Gerek Lozan antlaşmasının hükümleri gerekse Anayasa'nın Kürtçe'nin kullanımına olanak sağladığını savunan Özçelik, 2009 yılı başında TRT'nin tam gün Kürtçe yayın yapacak olan TV 8 kanalı hazırlıklarını tamamladığını hatırlattı. Özçelik, "TRT'nin akademik düzeyde Kürtçe bilen eleman sıkıntısı çektiği malumdur. Kuzey Irak Kürt Federe Bölgesi yöneticileriyle iyi komşuluk, dostluk ve ticaret ilişkilerinin gelişmekte olduğu görülmektedir. Akademik düzeyde Kürtçe bilen uzmanlar, diplomatlar, girişimciler Türkiye-Kuzey Irak ilişkilerinin sağlıklı gelişmesine katkı sağlayacaklardır. Türkiye'nin AB'ye katılımı gerçekleşmese bile Türkiye demokrasisinin gelişmesiyle, Kürtçe'nin eğitim ve öğretimde kullanımı, toplumsal barış için önem kazanacağı gerçeğinden hareketle, Yüksek Eğitim Kurumlarında formasyon kazanmış öğretmenlere gereksinim duyulacaktır." Diye konuştu.
"Başbakan vaatlerini yerine getirmediği için istifa etmeli"
Özçelik basın toplantısında bir soru üzerine Başbakan Erdoğan'ın Hindistan'da söylediği yerel seçimlerde partisi ikinci parti olursa siyaseti bırakacağına ilişkin sözlerini değerlendirdi.

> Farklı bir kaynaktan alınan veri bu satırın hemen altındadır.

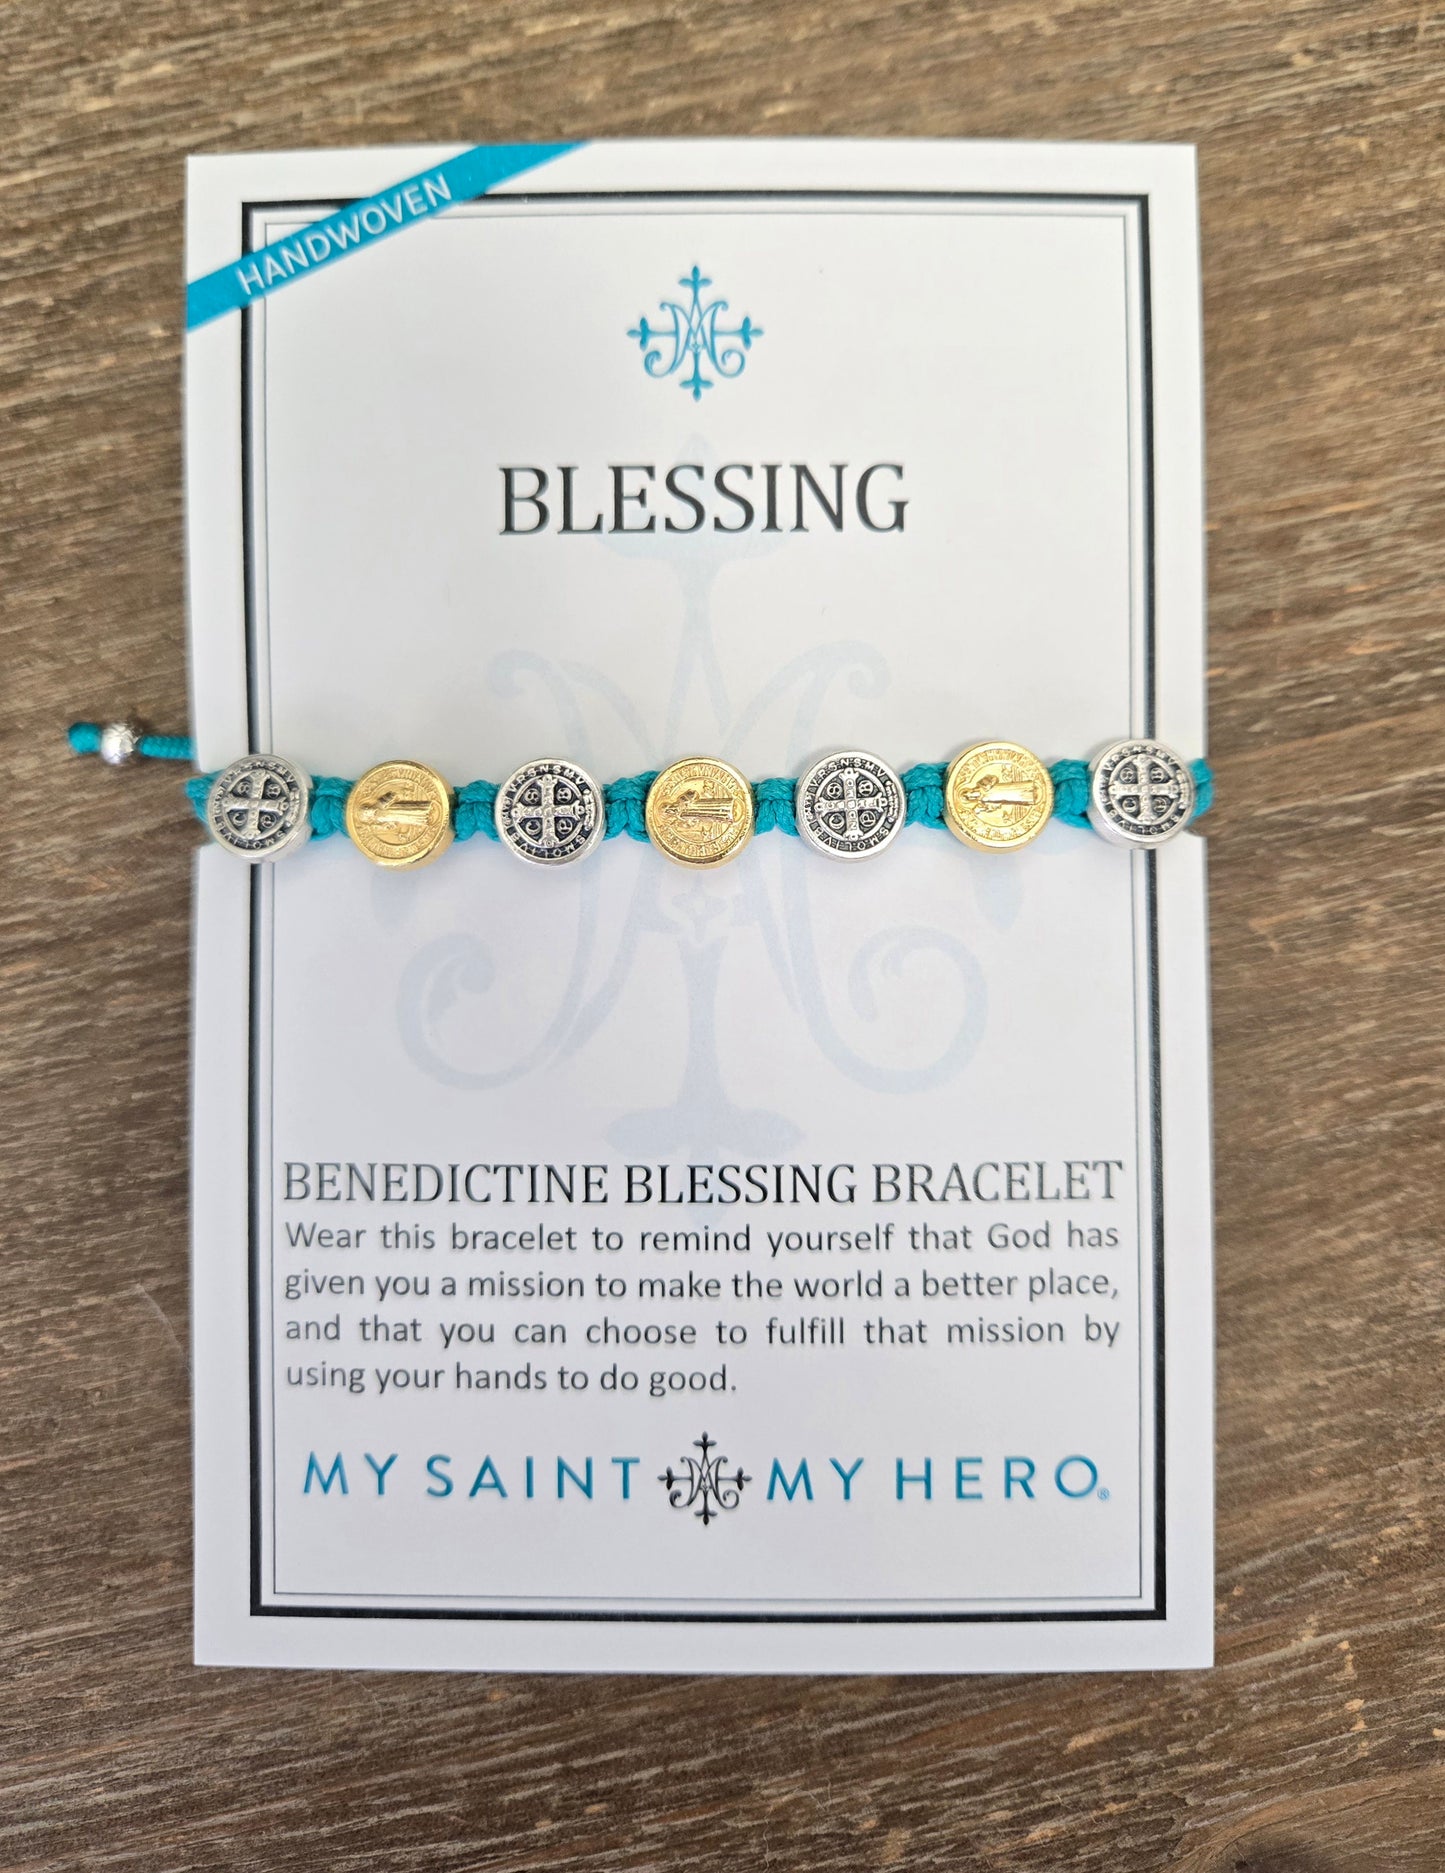 Benedictine blessing bracelet- mixed medals

Siyasette liderlerin başarısız olmaları halinde görevlerini bırakmalarının demokratik ülkelerde gelenek olduğunu ancak Türkiye'de böyle bir geleneğin olmadığını kaydeden Özçelik, istifa etmek için sadece seçim sonuçlarının yeterli olmadığını söyledi. Erdoğan'ın 2002 seçimlerinden önce Diyarbakır'da ‘Kürt sorununu kabul ettiği'ni söylediğini ve sınırötesi operasyonlara karşı olduğunu kaydettiğini ifade eden Özçelik, bu nedenle bölge halkından yoğun destek aldığını, ancak geçen sürede sözlerini yerine getirmediğini ifade etti. Özçelik, "Başbakan vaatlerini yerine getirmediği için istifa etmeli" dedi. Eşit olmayan koşullarda bir seçim yarışı olduğunu, DTP'nin hazine yardımından yararlanamadığını kaydeden Özçelik, kömür dağıtımlarını hatırlatarak" AKP'nin alacağı oylar anasının ak sütü gibi helal oylar olmayacaktır" diye konuştu.
"İmralı cezaevi kapatılmalı"
Bir başka soru üzerine Özçelik, Güneydoğu'da gerginlikten yana olmadıklarını belirtirken "Eğer bizim çalışmalarımız Başbakan'ı geriyorsa evet bu çalışmaları yapacağız ve başbakanı germeye devam edeceğiz" dedi. Özçelik, İmralı'ya 5-6 mahkumun daha konulacağına ilişkin açıklamalarla ilgili bir soruya ise "Üç beş hücreyle sorun ortadan kalkmaz. Oraya kimse konmamalı, İmralı Cezaevi kapatılmalıdır" karşılığını verdi.